Did you preheat the shirts prior to adding the vinyl application?

My thought is there maybe some sort of costing/treatment that was used during the mana fracturing process of the fabric.


----------



## treefox2118 (Sep 23, 2010)

Get yourself a contact heat gauge to measure your heat press temperature.

I've seen heat presses that are off by as much as 60 degrees.


----------



## ChemicaUS (Dec 13, 2013)

Braz, 
As Peter suggested, it is possible that you're dealing with an anti-microbial coating of some kind. These have been known to cause problems because they repel the adhesives used in heat transfer films. I've scoured the company's website and catalog and there's no reference to it, but that doesn't mean it's not there. 
Check the tag on the shirts and see if there's any reference to 'moisture wicking' or 'odor reduction'. If there is, you might be able to 'burn' it off by preheating the area you're going to decorate with a sheet of silicone paper to draw off the coating. Then try to apply the film using your standard heat and temperature settings.


----------



## Stefano (Aug 5, 2013)

Braz said:


> Hello,
> Im trying to do a 2 color Vinyl application with Next Level TriBlend shirts on an MPress Heat Press. Not having much luck.
> 
> Following the directions, I started out with 1 color using the specified Temp, Time, and Pressure. The vinyl wouldn't peel off/wouldn't stick to the shirt. So, I attempted with longer time… same outcome, higher temp (a little better, not perfect), more pressure (getting better, not perfect) and to get max pressure I put a towel on bottom of heat press to maximize pressure (the best I can get). The outcome still isn't up to the quality I would like. Has anyone come across these problems, found a solution, or the perfect Vinyl to use on triblends?
> ...


The problem is the fabric - triblend contains rayon, which is very slippery. Stahl's does not offer a vinyl that adheres to rayon well. Some custom plastisol companies do not recommend applying their transfers to rayon either. I know the triblends fit nice, but I can't apply plastisol, vinyl, or rhinestones, so I'm back to the Next Level 100% cotton shirts.


----------



## WGiant (Oct 15, 2015)

I'm thinking of tackling some tri-blends, was going to use ThermoFlex Xtra.

It sets at a nice low temp. I love working with TF Plus, so I've got high hopes for this.
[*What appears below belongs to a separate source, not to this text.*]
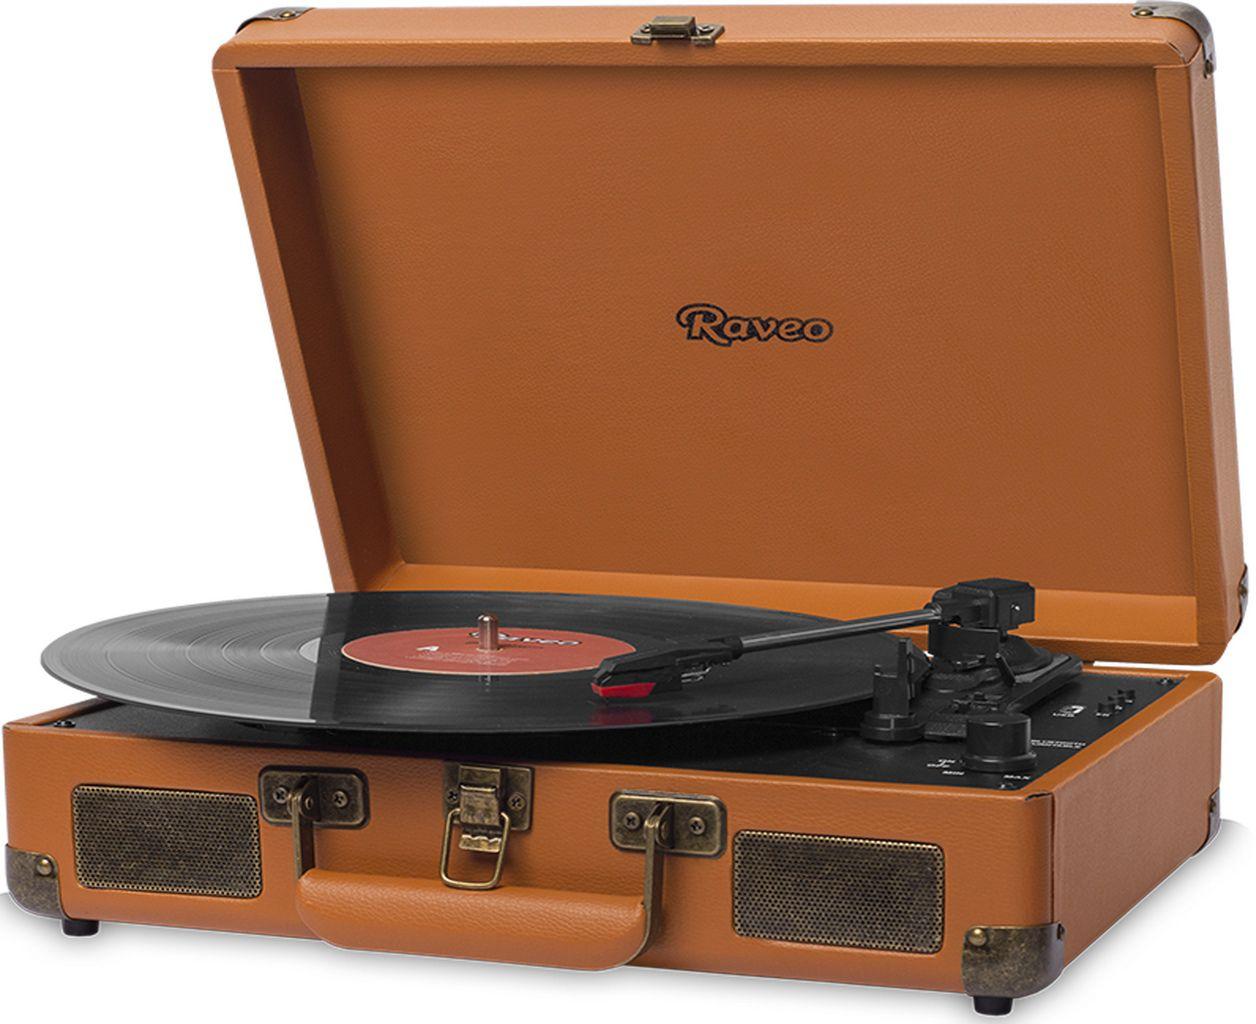 Vitrola Toca Discos Raveo Sonetto Caramelho Bluetooth Usb Reproduz Grava Saída Auxiliar 10 Watts

Has anyone else tried this and seen how it holds up over time?


----------



## Wildgoose (Mar 5, 2013)

I've done a few tri-blends using Siser Stretch without any problems. I think the OP probably had a temperature issue with his press more than a fabric issue. Just my opinion.


----------



## WGiant (Oct 15, 2015)

I did a shirt with Thermoflex Plus on one arm, pressed at 320, and Thermoflex Xtra on the other arm, pressed at 280.

Both seems to be holding fine after a wash, but the Plus at 320 has some very faint color change. I think it's acceptable, but I'd want to test it on more colors/brands before commiting to it.

I'll give both a few more washes before saying for sure which I'll stick with.


----------



## catfsh34 (Nov 1, 2016)

WGiant said:


> I did a shirt with Thermoflex Plus on one arm, pressed at 320, and Thermoflex Xtra on the other arm, pressed at 280.
> 
> Both seems to be holding fine after a wash, but the Plus at 320 has some very faint color change. I think it's acceptable, but I'd want to test it on more colors/brands before commiting to it.
> 
> I'll give both a few more washes before saying for sure which I'll stick with.


How'd the shirts stand up? Was this on a triblend shirt with rayon?

Thanks!


----------



## catfsh34 (Nov 1, 2016)

How'd the shirts stand up? Was this on a triblend shirt with rayon?

Thanks!


----------



## WGiant (Oct 15, 2015)

catfsh34 said:


> How'd the shirts stand up? Was this on a triblend shirt with rayon?


The Plus did great, and it did have 25% Rayon (DM130). I wash my shirts cold/cold on a normal cycle and dry normal as well. I wore/washed it until the shirt started to really pill up. The vinyl wasn't changed in the least bit. 

I would suggest doing a few test with your perticular press for heat/pressure before going ahead with a production run, but I've total confidence it can work.


----------



## into the T (Aug 22, 2015)

WGiant, any updates on the thermoflex plus on tri-blends

are tri-blends really the cat's meow/pajamas?


----------